Divorce and Health Insurance Considerations to Make
Are you currently going through the divorce process? It's a difficult time and health insurance is usually the last thing on your mind. However, it's something that needs to be addressed by both parties, as the policies are typically provided by one person for the entire family through their job. After the settlement, the employer-based option will no longer be available for the employee's ex-wife or husband. Obviously, this creates a difficult situation for the individual without the policy. If you're finding yourself in similar circumstances right now, you'll want to read these important questions and answers.
Questions You Need to Ask
Can I stay on my spouses' employment-based program after we've divorced? Unfortunately, there are few, if any, circumstances that allow you to remain on your spouses' employment-based program after divorce except COBRA. You may want to explore options under COBRA (The Consolidated Omnibus Budget Reconciliation Act), which allows you to stay on your spouses' plan, but only for a maximum of 36 months and at a much higher rate.

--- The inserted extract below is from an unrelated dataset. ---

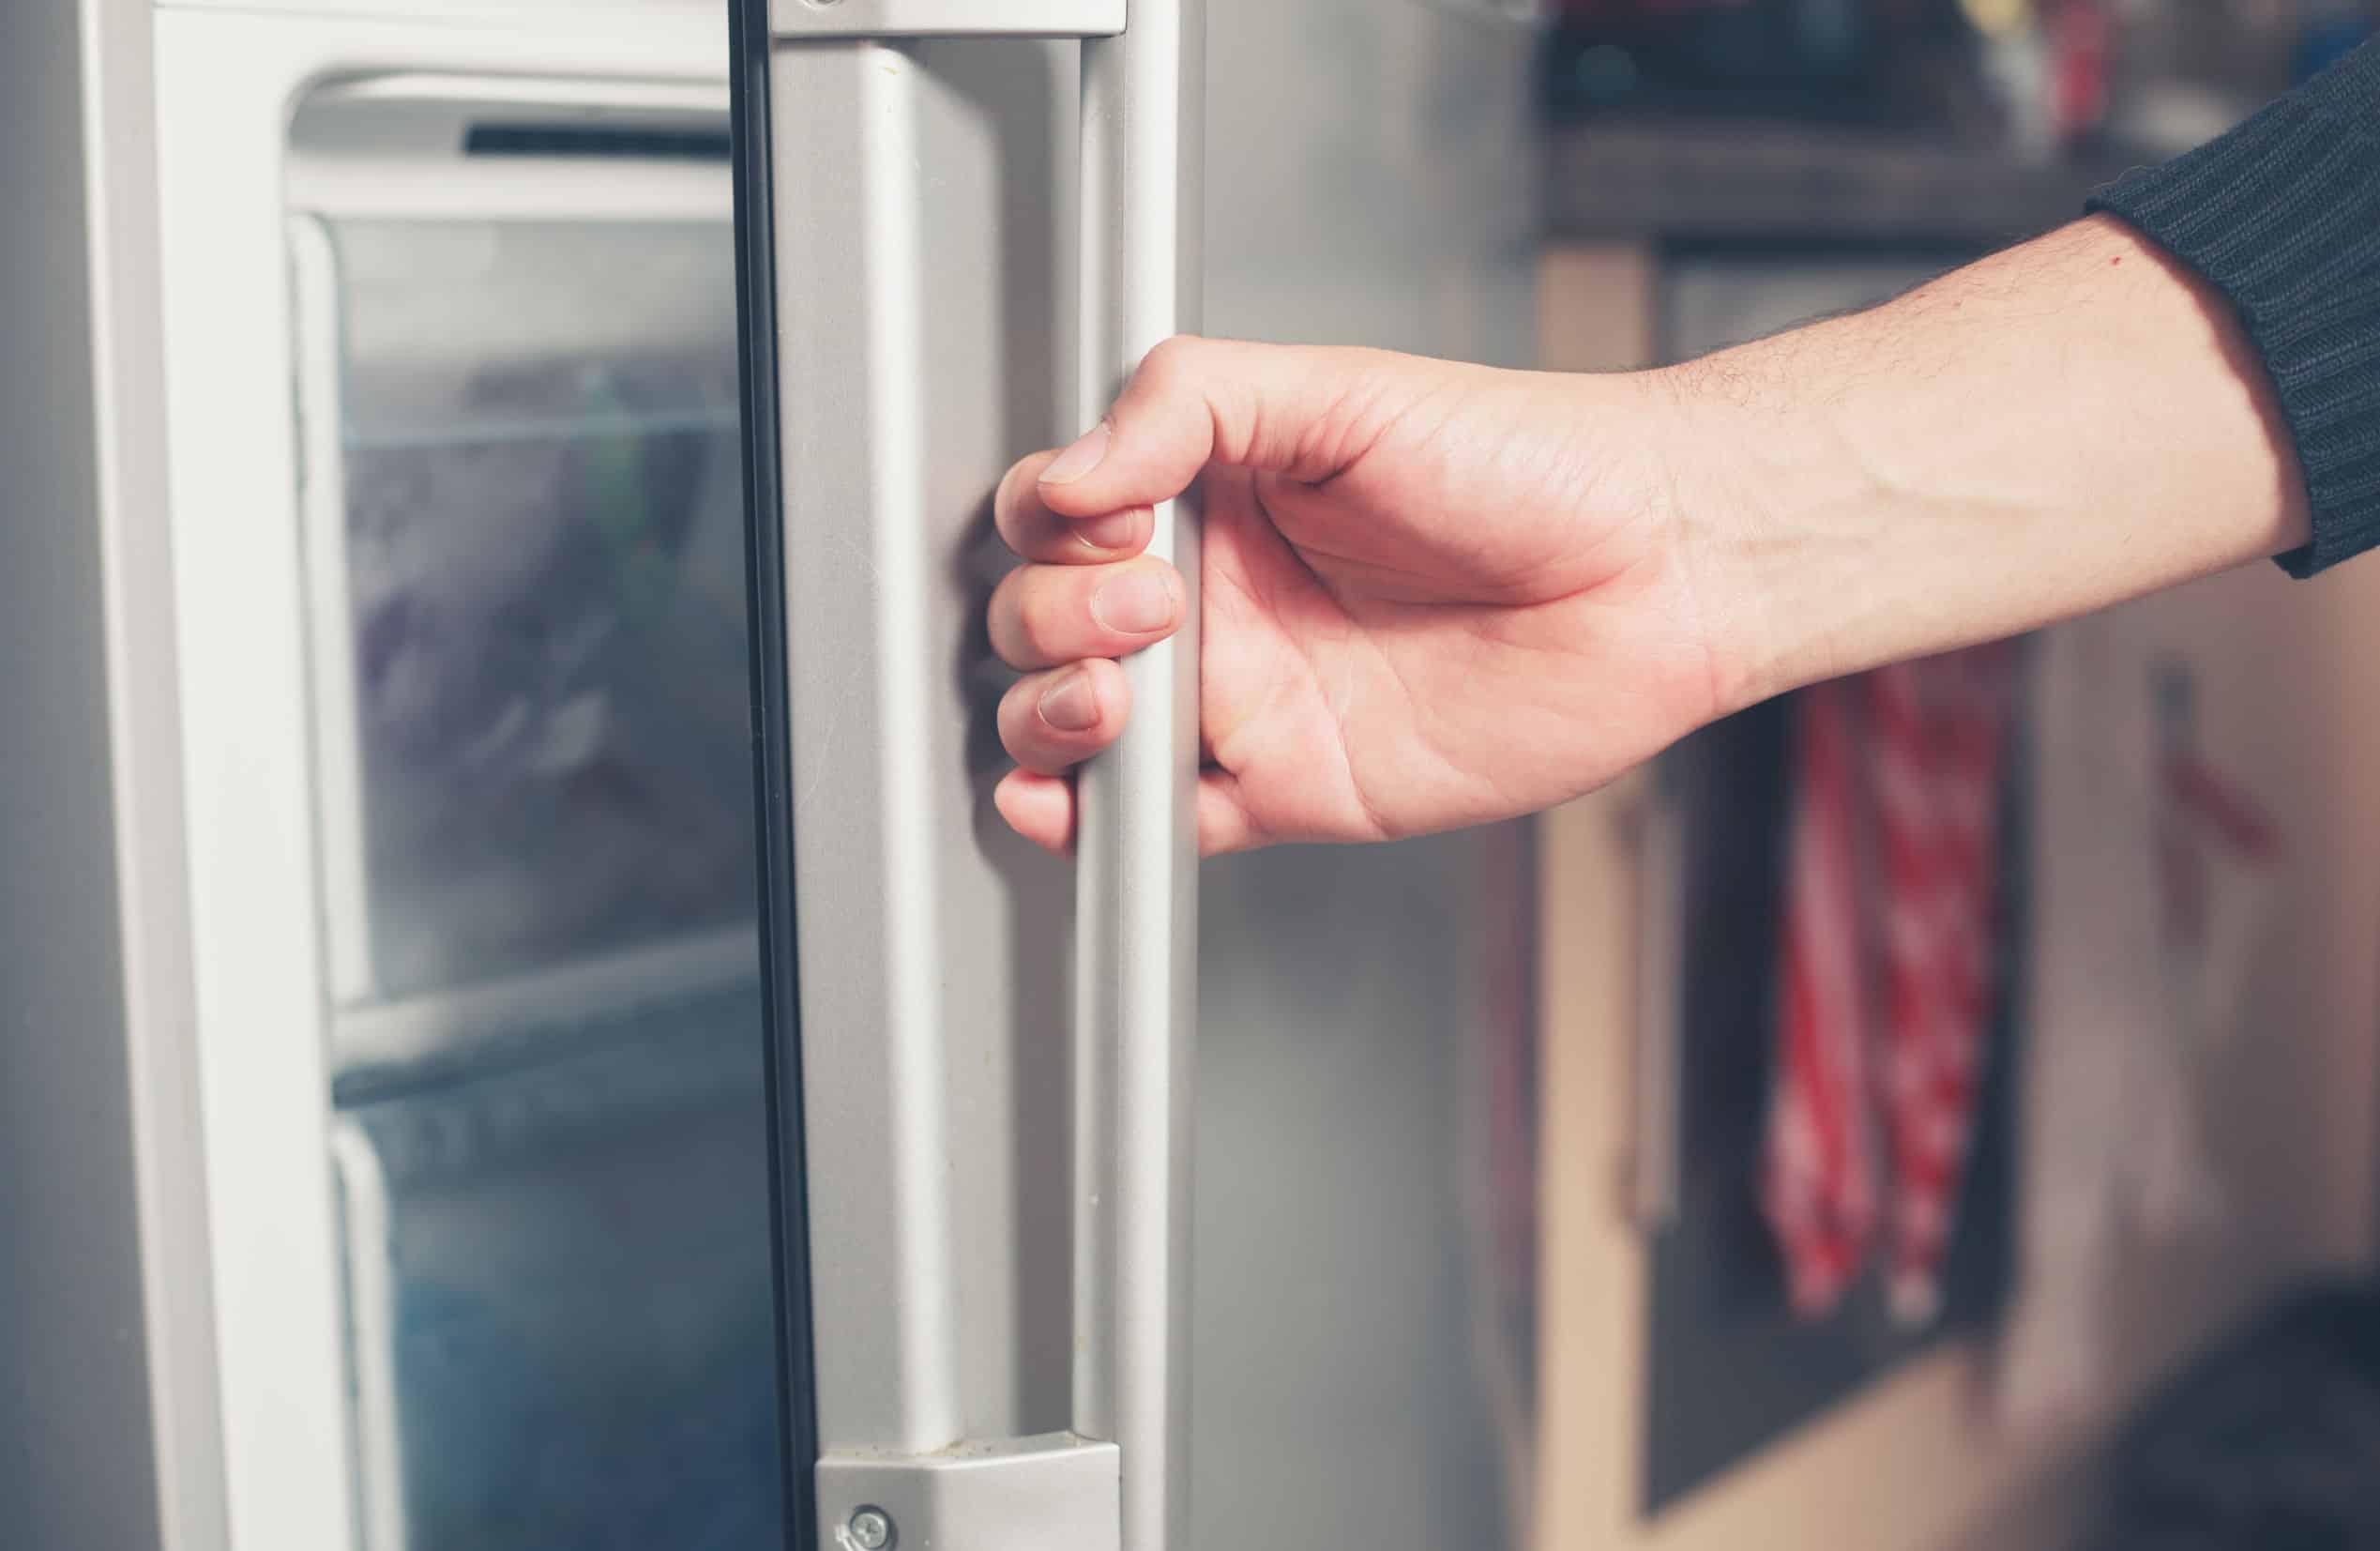 Imagem de pessoa abrindo porta de freezer.

What are my options after I've been divorced? You can possibly remain on your spouses' policy under COBRA, but it does expire in 36 months or if you remarry before then. Perhaps the best option involves obtaining a medical benefit from your own job, if it is available. If not, you may try asking for some type of coverage in your settlement. If that too is not possible, your last option is purchasing your own benefits plan. Many people cannot afford the same type of coverage they had under an employment based program, but it's better than nothing.
How do I apply for COBRA coverage? In most cases, you simply need to inform your spouses' plan administrator within sixty days of the settlement. After those sixty days, you cannot receive COBRA at all.
What about our children? If you have children under your spouses' employment based policy, they can typically remain on that plan or switch to a different plan. It's usually a decision worked out between both parties.